Last Tuesday, I met with my boss’s wife, Pattie to discuss my “Bucket List” idea of taking a trip to Spain.  The idea, as you know, came about sometime around December/January, and at first it was nothing more than a dream.  I thought it would be nice sometime before I died to see Spain.  That idea morphed into the idea that I would get there immediately following my 35th birthday.  From there it became an entire month in the country as well as going alone and speaking nothing but Spanish the entire time I was there.  By the time I got around to telling Pattie about this idea, I started thinking it was something I could actually pull off, but I knew in the back of my mind that I have often “talked the talk,” but failed to “walk the walk.”  I wanted to take a trip to South America a few years back, but I never got much farther than looking into the cost of a passport.  Well, during my discussion with Pattie, we basically laid out the entire trip, as well as convinced me to get over there immediately following my 34th birthday, an entire year sooner than I had originally planned.

After our talk that night, I came home and posted a message to all my friends and family telling them all about my crazy idea, which it turns out isn’t all that crazy, and went to bed feeling like I was finally on the right track to make this trip happen.  The next morning, I was floored by the amount of support I had received from my friends and family.  Everyone was posting positive messages for me and wishing me luck.  I never realized just how important it is to have the people in your life support you in your goals.  While I still have many fears and doubts, as that is just who I am, my confidence level has been lifted so high that I feel I can overcome any of these mostly irrational fears.

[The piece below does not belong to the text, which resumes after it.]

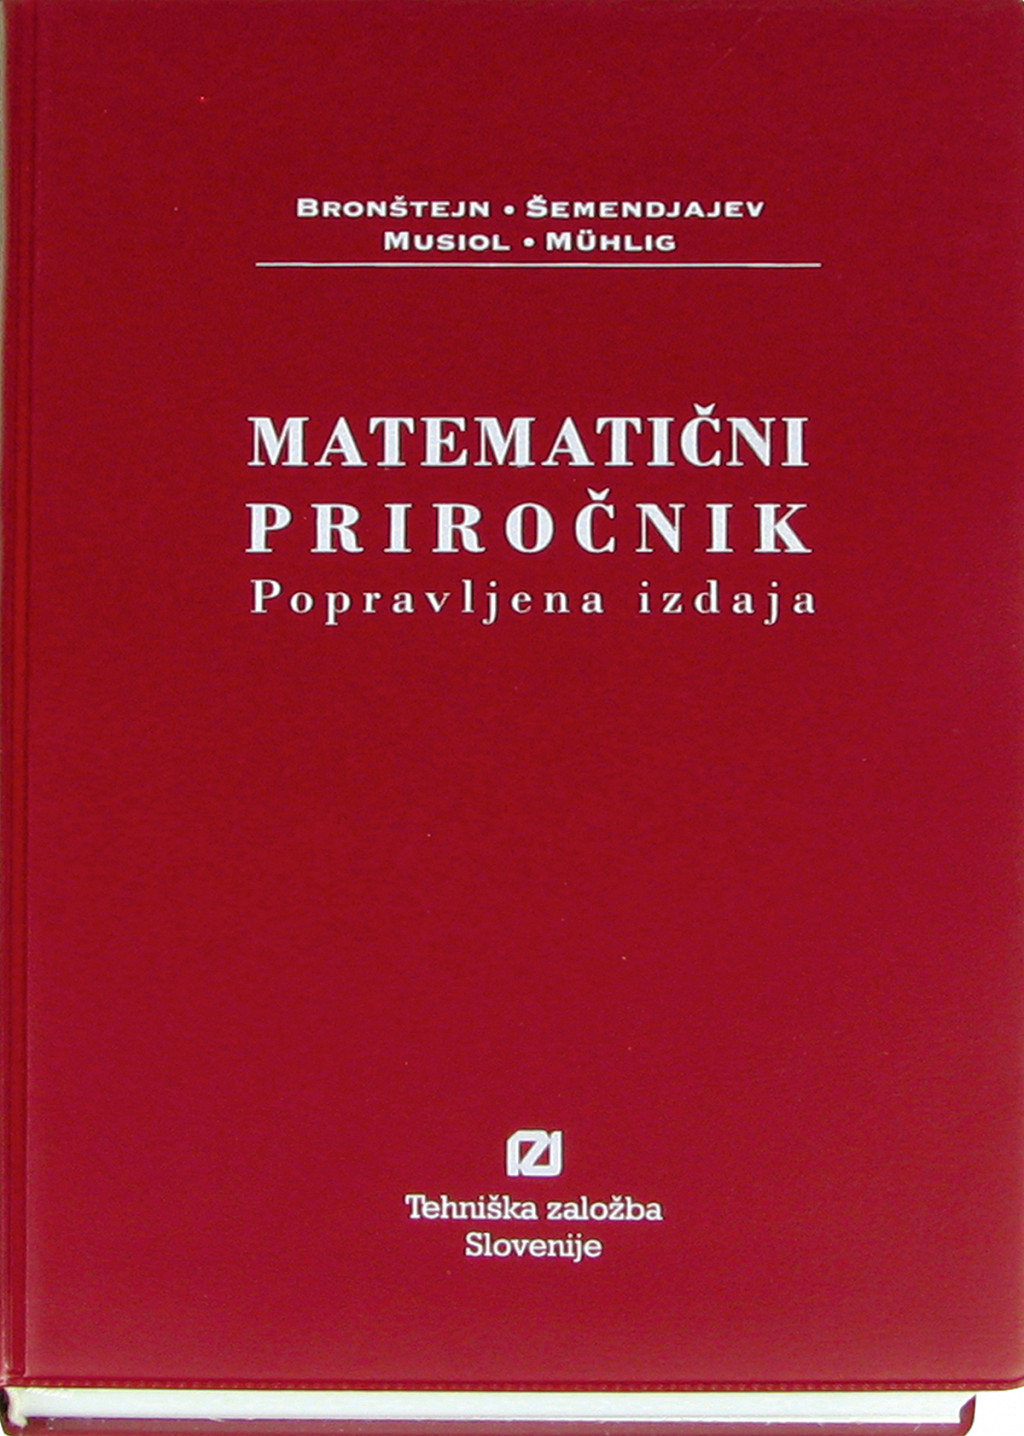 Matematični priročnik Bronštejn (popravljena izdaja)

My one naysayer in all of this was my boss, John, Pattie’s husband.  I was surprised to find out he knew about my idea by the time I got to work Wednesday afternoon.  He and I did not discuss it.  In fact, he did not speak to me at all, and normally I would have let this bother me, but the fact that I had so much support from all the other people in my life, I did not let his negative attitude bring me down.  I’m not going to let him or anyone else bring negativity back into my life.  I have been too happy the last few days to lose it now.  That is why I am not going to say much more about it here.  At least not today.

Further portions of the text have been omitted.